Longa espera. Ele resolveu falar. O Papa acabou com o purgatório, você pode imaginar isso? Perguntou e, sem esperar uma resposta, que eu não tinha, emendou: como é que vai ficar tudo? Se mexer no purgatório, onde é que fica o céu e o inferno? Sua Santidade afirmou que o purgatório não é um lugar. Passei a vida sabendo que é um lugar. O catecismo dizia. Os velhos professores de religião tinham certeza. Um lugar com endereço fixo. Abrigou milhões por não sei quanto tempo e agora, assim sem mais nem menos, desapareceu. Onde essa gente foi parar? Despejados como moradores de rua incômodos. Estou sem chão e agora, sem purgatório.
Quando eu imagino que a gente quase podia fazer um turismo mental no purgatório, tamanho eram os detalhes que nos diziam: pracinhas, ruas simpáticas com vendedores de bugigangas chinesas, lugares legais para comer e conhecer gente. Claro que teria falta d’água, apagões, malandros, políticos corruptos, poluição, mas nada insuportável. Quer dizer, antes de estar lá, você como que desenvolvia uma relação afetiva com o lugar e de repente acabou. 
Estou com medo, queixou-se. Agora é céu de um lado, inferno do outro e no meio o nada. Sem uma estação intermediária para resolver aquelas pendências que a gente tem, você sabe, procurou minha solidariedade, talvez, é como um cara ou coroa. Quer dizer, uma coisinha assim de nada pode me jogar nos quintos, pois a balança vai pesar pra um dos lados e aí, já era.
 O Papa disse que o purgatório é tipo um fogo purificador dentro de nós. Não sei não, desde que o mundo é mundo purgatório é um lugar onde as almas semidanadas descontam o excesso de pecado. Precisa mesmo ser um lugar, para acolher esse monte de gente. Ter instalações adequadas e os locais com profissionais experientes para fazer a limpeza ou ensinar seja lá o que se precisa para aliviar o peso. O Papa deve saber o que diz, mas quero ver como é que a gente transforma um lugar numa abstração.
Tem mais. Este novo purgatório interior acontece antes ou depois da morte? Não ficou claro. Tem um estágio de aprendizado de como carregar o purgatório inteiro nas costas? É portátil? Tipo: cabe num pen drive? Há que pensar também na temperatura deste fogo purificador interno. Como se sabe, o purgatório antigo era quente, mas suportável, pois quente mesmo é o inferno. Convenhamos, uma coisa é um fogo fora, você se afasta, se esconde atrás de algo, coloca os recém chegados na frente. Mas com o fogo dentro de si fica difícil. Haverá algum tipo de termostato para regular o calorão? Estou cheio de dúvidas, você me entende? Eu não entendia. Nunca cogitei o purgatório e nem sabia que havia tantos pormenores envolvidos nesta moradia, ainda que temporária, segundo disse meu amigo.

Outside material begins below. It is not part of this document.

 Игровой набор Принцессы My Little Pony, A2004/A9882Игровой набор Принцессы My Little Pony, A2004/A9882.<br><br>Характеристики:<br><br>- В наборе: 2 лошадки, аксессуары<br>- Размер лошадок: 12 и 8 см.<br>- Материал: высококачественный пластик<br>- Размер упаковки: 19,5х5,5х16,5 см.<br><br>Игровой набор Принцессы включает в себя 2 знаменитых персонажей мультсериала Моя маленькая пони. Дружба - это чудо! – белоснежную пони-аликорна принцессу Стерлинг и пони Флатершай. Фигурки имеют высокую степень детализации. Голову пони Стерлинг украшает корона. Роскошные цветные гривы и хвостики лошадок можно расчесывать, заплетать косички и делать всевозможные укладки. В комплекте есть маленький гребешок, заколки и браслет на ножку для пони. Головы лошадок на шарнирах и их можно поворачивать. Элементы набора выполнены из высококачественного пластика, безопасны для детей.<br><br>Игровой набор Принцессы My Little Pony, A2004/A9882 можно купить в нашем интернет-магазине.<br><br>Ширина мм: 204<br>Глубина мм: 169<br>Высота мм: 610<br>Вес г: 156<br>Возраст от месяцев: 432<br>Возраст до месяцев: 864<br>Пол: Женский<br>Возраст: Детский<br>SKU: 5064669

De qualquer modo, estava penalizado pelo desamparo do meu amigo. Pensei em dizer que o Papa falou apenas figuradamente, que fez um exercício retórico teo-filosófico, mas não adiantaria. Não estava sendo fácil para ele suportar que aquele lugar simplesmente tenha desaparecido. Pensei em sugerir que estava ocorrendo um programa imobiliário celestial e que precisaram do espaço que estava meio decadente como os centros velhos de uma metrópole, com montes e montes de gente sem fazer nada, esperando o tempo passar para poder subir de degrau espiritual. Mas até eu achei a ideia meio maluca.

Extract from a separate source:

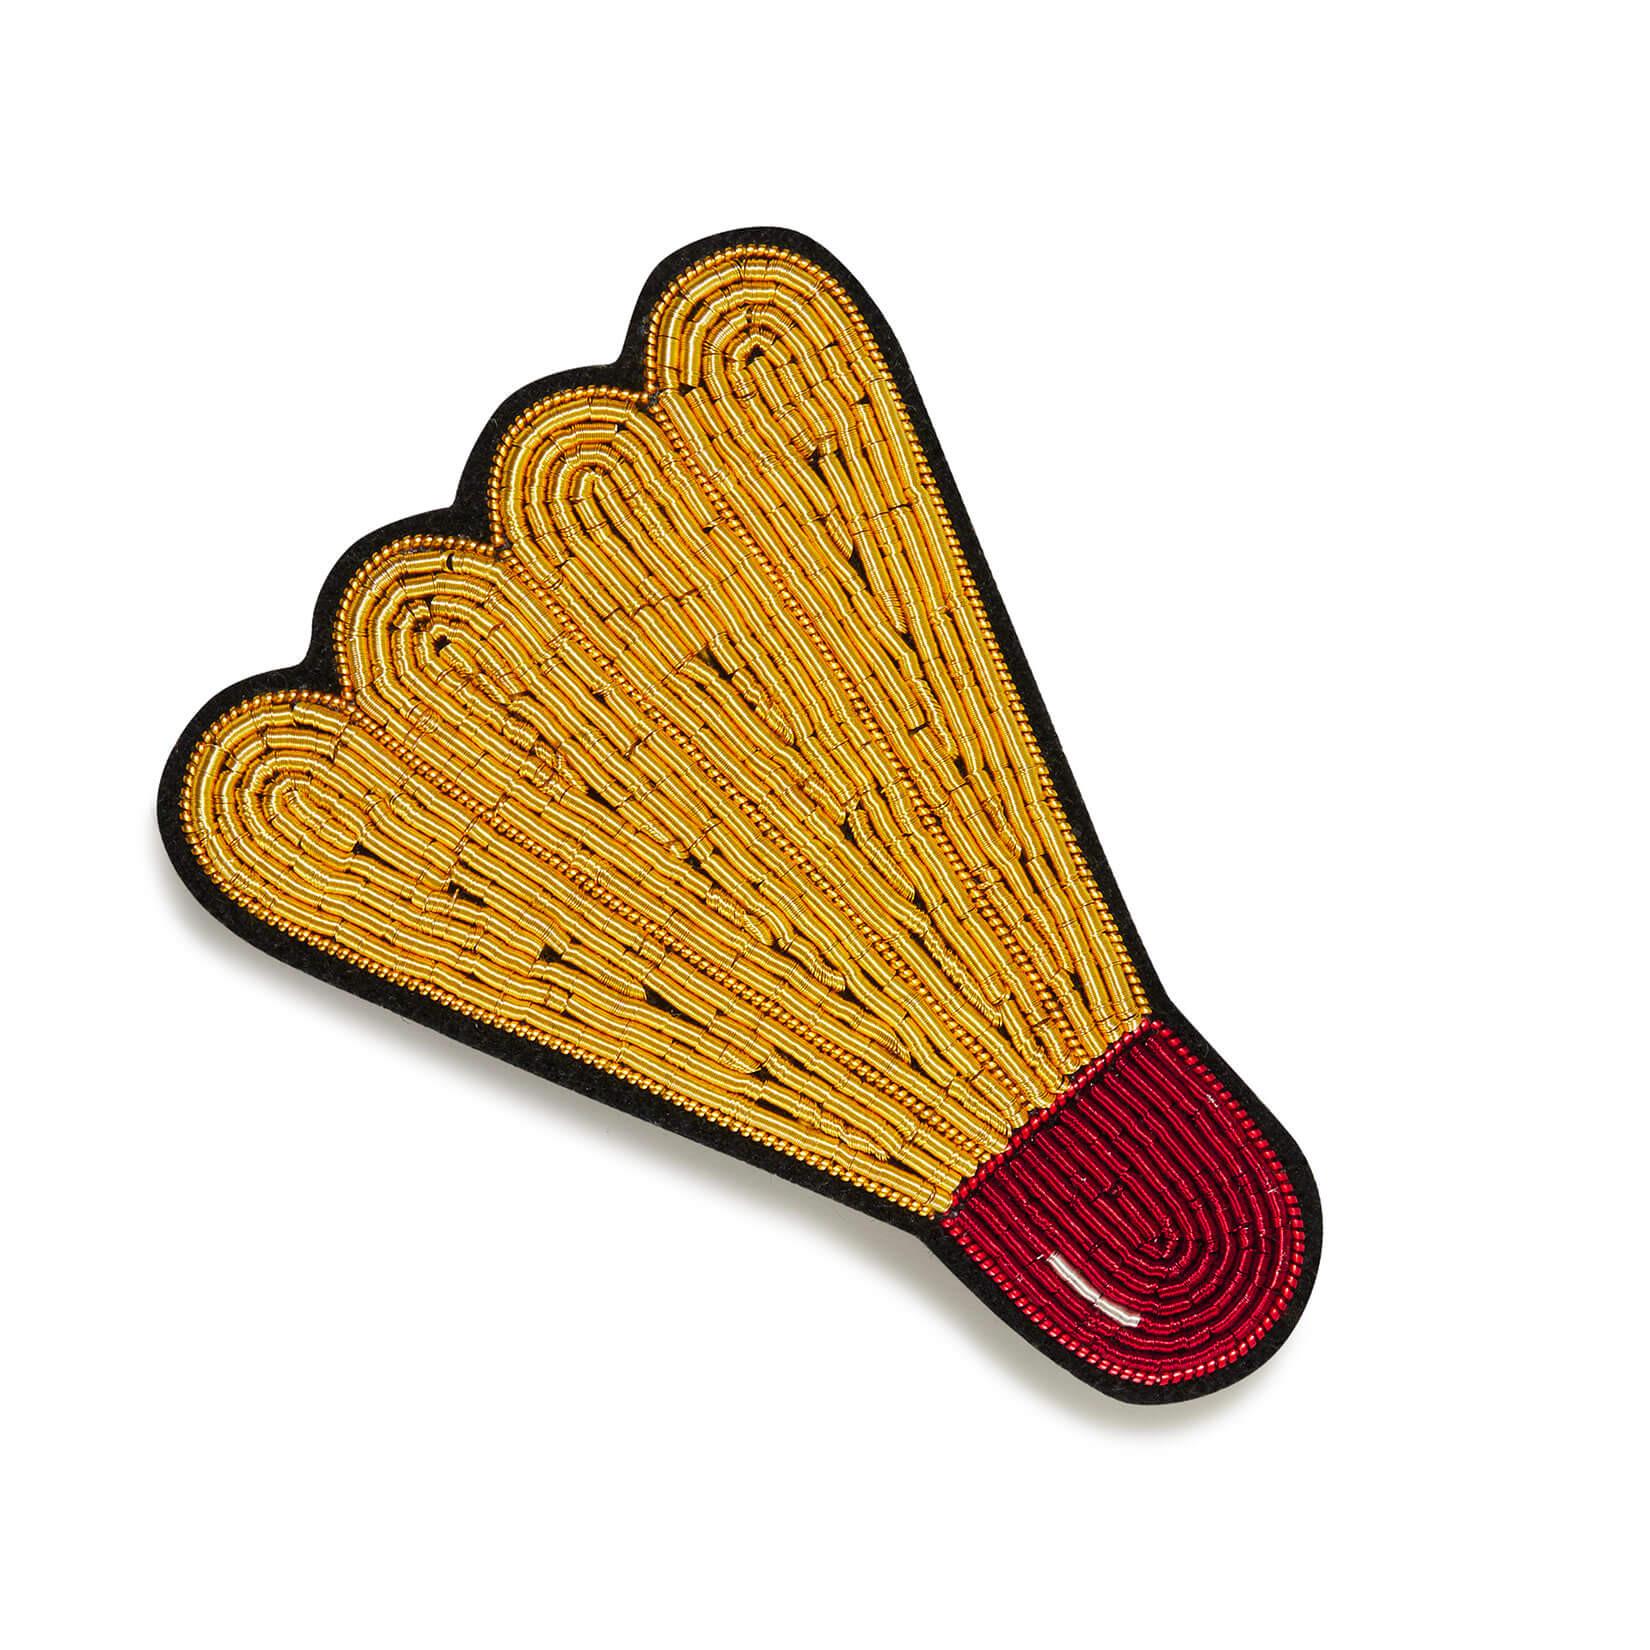 印度丝徽章手工刺绣羽毛球发夹头饰,对于毛茸茸的运动场  尺寸:约49x65mm

Meu amigo continuava confuso. Com esta mudança, disse ele, depois de longo embatucamento, acabo virando protestante, pois eu lhe pergunto, de que adianta um católico sem purgatório? De repente, seu rosto se iluminou, quem sabe, já meio arrependido de ser protestante. E se o santo padre mandasse construir um purgatório novo, num lugar menos mal afamado? Espaço entre o inferno e o céu não falta.